The CML Model

CML provides the following concurrent features:

CML Threads

Figure 6-3 shows the typical structure of a thread in a CML program. The thread may receive messages from one or more input channels on the left. It may write messages to one or more output channels on the right. The thread may also do conventional file I/O. The body of the thread is implemented as a function. Typically this will contain a loop that runs a state machine. The function maps the pair (current state, inputs) to (next state, outputs) and then it loops. The function contains an environment which is the set of variables captured by it from surrounding scopes or passed in as arguments. These will typically supply the channels, files etc. that the thread will communicate on.

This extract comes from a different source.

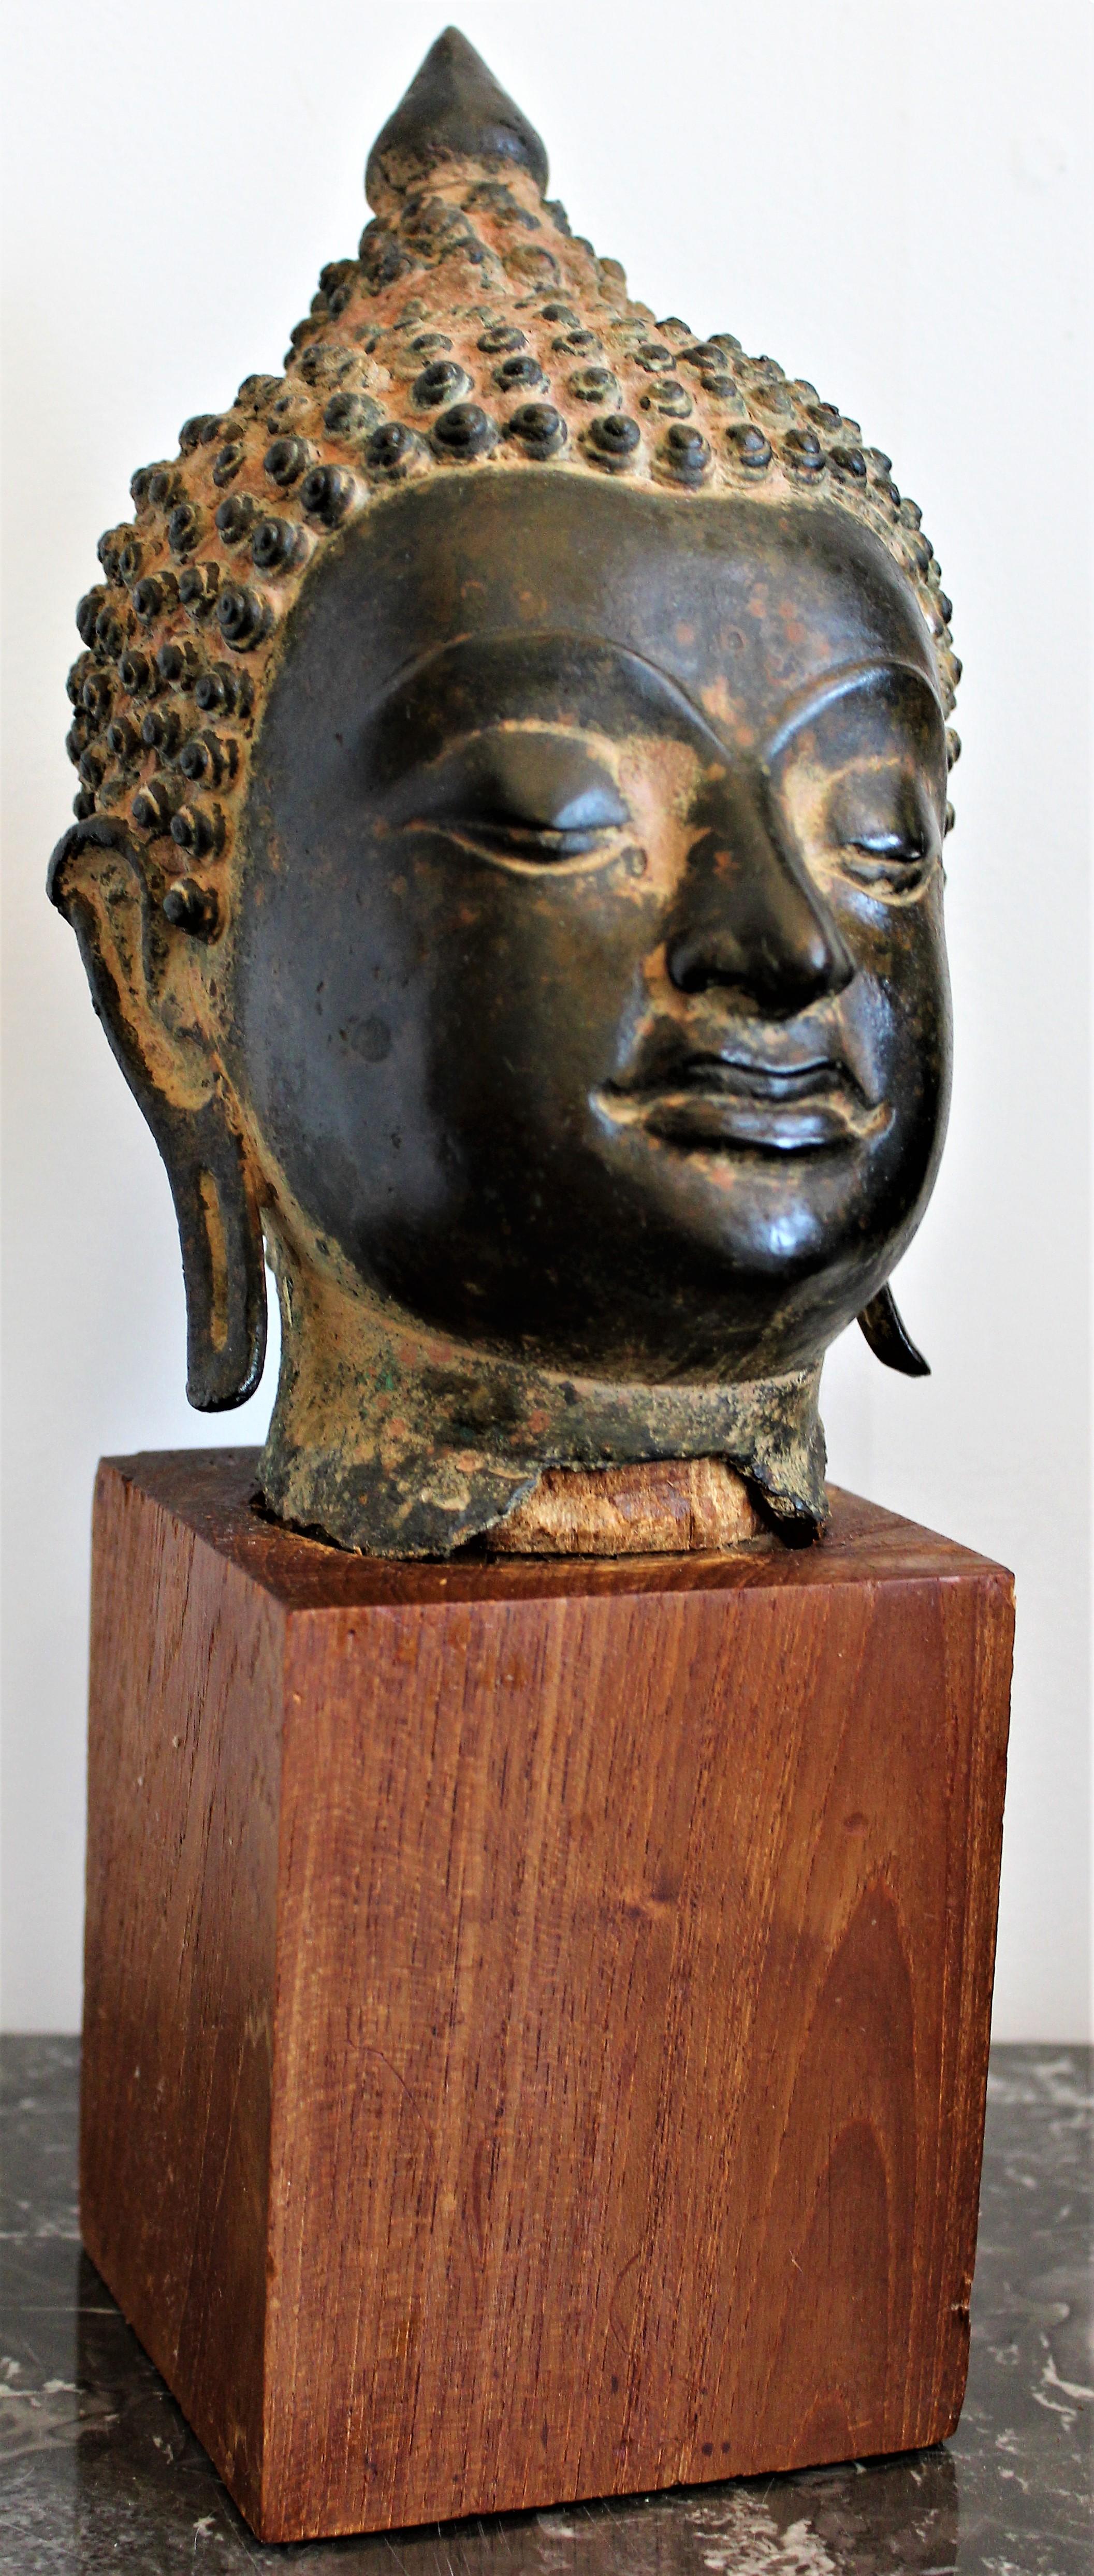 Antique Asian and extremely detailed cast bronze fragment of the head of Buddha, dating from the 18 century and presumably having Thai or Tibetan origins. The sculpture fragment is securely presented on a simple teak block.

The bronze head on its

The function can be written to be pure with all of its state being passed through the arguments.

Figure 6-3. A CML Thread

Threads can be created dynamically and are light-weight enough that you can structure your program with large numbers of threads.

Messages on a channel are normal values and can be of any type. However each channel has a single type. If you need to pass values of different types then you will need to either combine them into a datatype or have separate channels. Functions dealing with channels can be polymorphic over the type of the channel.

The CML model has some parallels with the object-oriented model. Originally classes and objects were introduced in the Simula language [Simula] which was designed for simulating (discrete event-based) real-world systems. Objects represented real-world entities. Today it is common to explain object-oriented concepts by showing how to model the real-world entities as objects and describe the differences, commonalities and relationships between objects using classes. Each object interacts with the other objects by sending and receiving messages. An object contains some private state which may be updated as a result of the messages it receives.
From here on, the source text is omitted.